I proceeded with building a model for exclusively inpatient visits. Note that the boxplots do not show the outliers, which extend all the way out to 30 days, given the long-tailed distribution of hospital stay lengths.
Features & Model
A few preparatory steps were taken to re-package the available information into format amenable for modeling.
- A table with detailed medication data was used to count the number of medication order types each visit had within the first day. The number of different types of medications would indicated a more complex patient.
- Physician was taken as the first assigned attending physician for that patient visit.
- Patient Age was constructed from patient birth date and admission date.
- Patient Age was constructed from patient birth date and admission date.
All other available categorical variables were used, including diagnosis, facility, department, whether or not the visit is a readmission, where the patient is admitted from etc. Each of these categorical variables were 1-hot-encoded. - All sparse categories with fewer than 50 observations/category were lumped into a single group. Physicians with fewer than 10 patients were also lumped into a single group.

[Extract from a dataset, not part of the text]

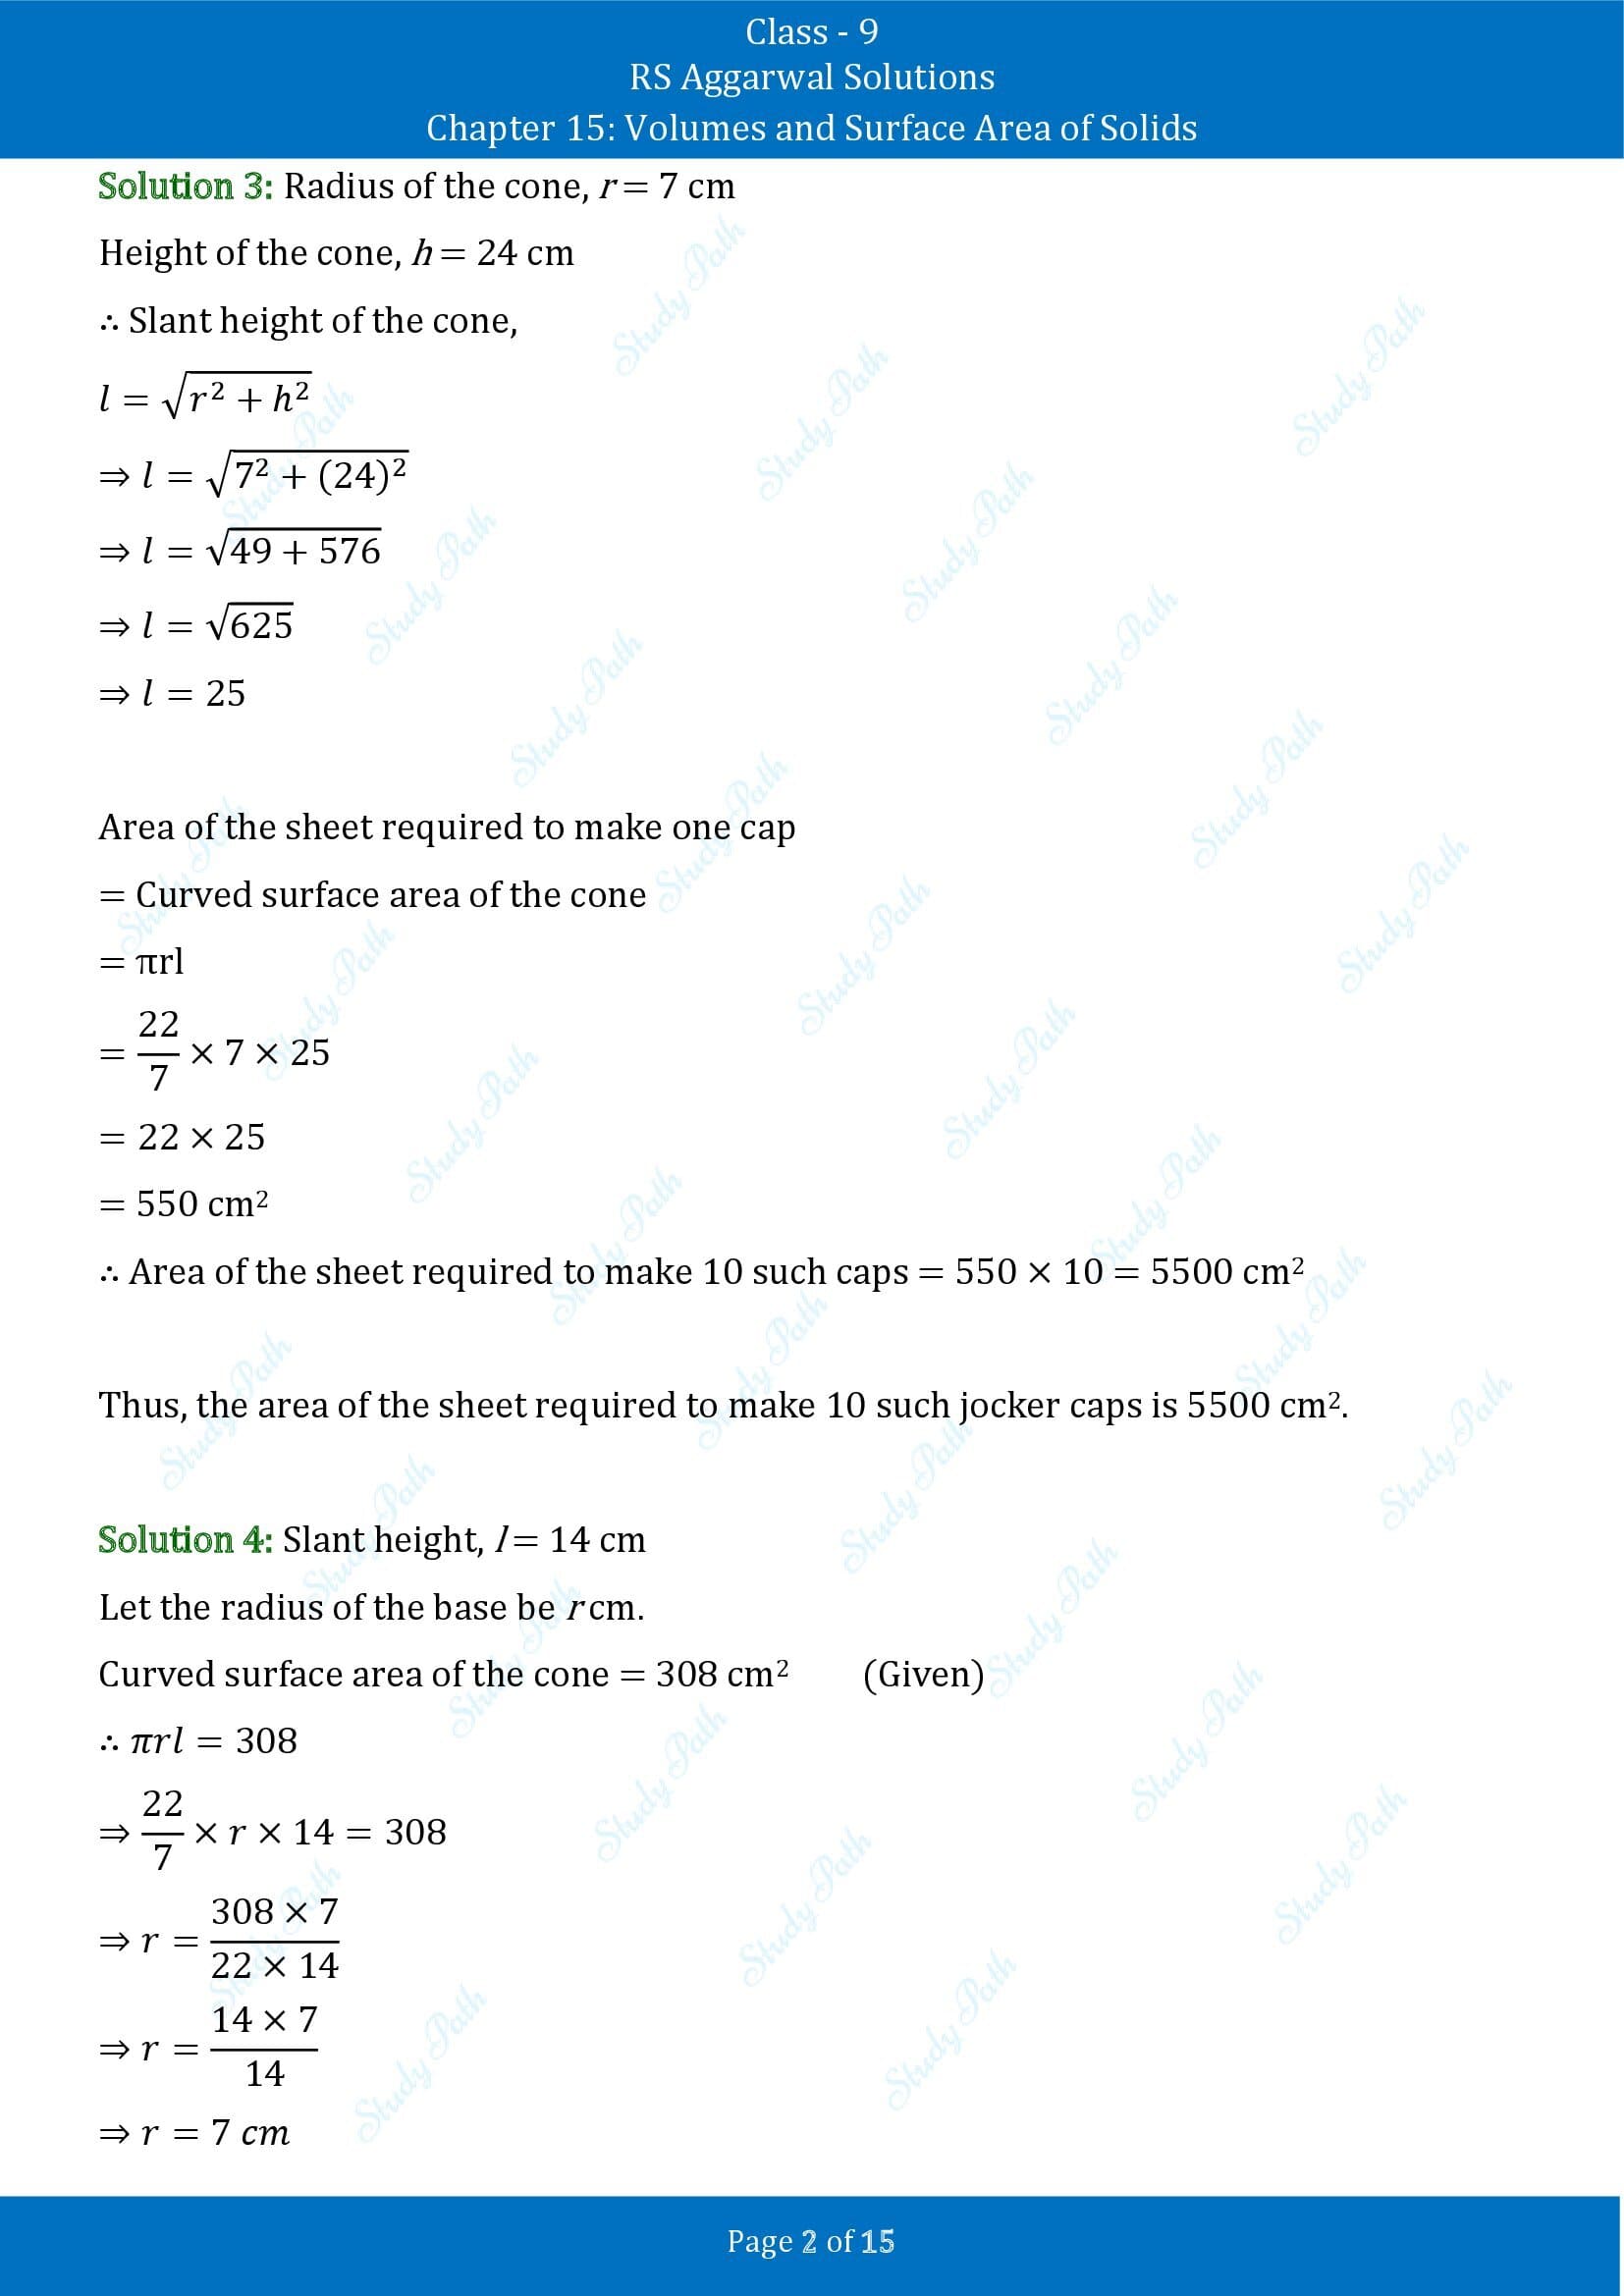 RS Aggarwal Solutions Class 9 Chapter 15 Volumes and Surface Area of Solids Exercise 15C 00002

Treatment of Patient Diagnosis
Initially, I built a model using the diagnosis as a categorical predictor of the LOS. There were approximately 200 different diagnoses with a substantial number of observations in the data set. There was also information about the
national average LOS that corresponds to each diagnosis category. This national average LOS is used as one of the factors for determining insurance payments to the hospital. I found that models that used the mean national LOS had
a higher prediction accuracy than those that include individual diagnosis categories, and therefore used this predictor in place of the diagnosis category. Only about 75% of the patient visits had this value available, which slightly
reduced the number of visits in the model.
Baseline Model
As a baseline prediction model, I performed a regression of the observed LOS on the national average LOS for the diagnosis category. This is the predictor which is currently used by most hospital systems and is a reasonable baseline
performance metric.
Regularized Ridge Regression Model
As an initial model, I performed a regularized multivariate linear regression of the LOS on all of the features, including the national mean LOS for the diagnosis. I did this using the Ridge regression from the scikit-learn Python
package. I split the data into 80% training/validation and 20% testing. I performed 10-fold cross-validation using an 80/20 training/validation split. This procedure randomly shuffles the training/validation set 10 times and splits
the set 80/20 for each shuffling instance. Learning curves showed that the model training and validation performance were very close after training on 5000 visits. The regularization strength was optimized based on the training/validation
set and gave a minor improvement (figure 4) because the training/validation errors were already very close.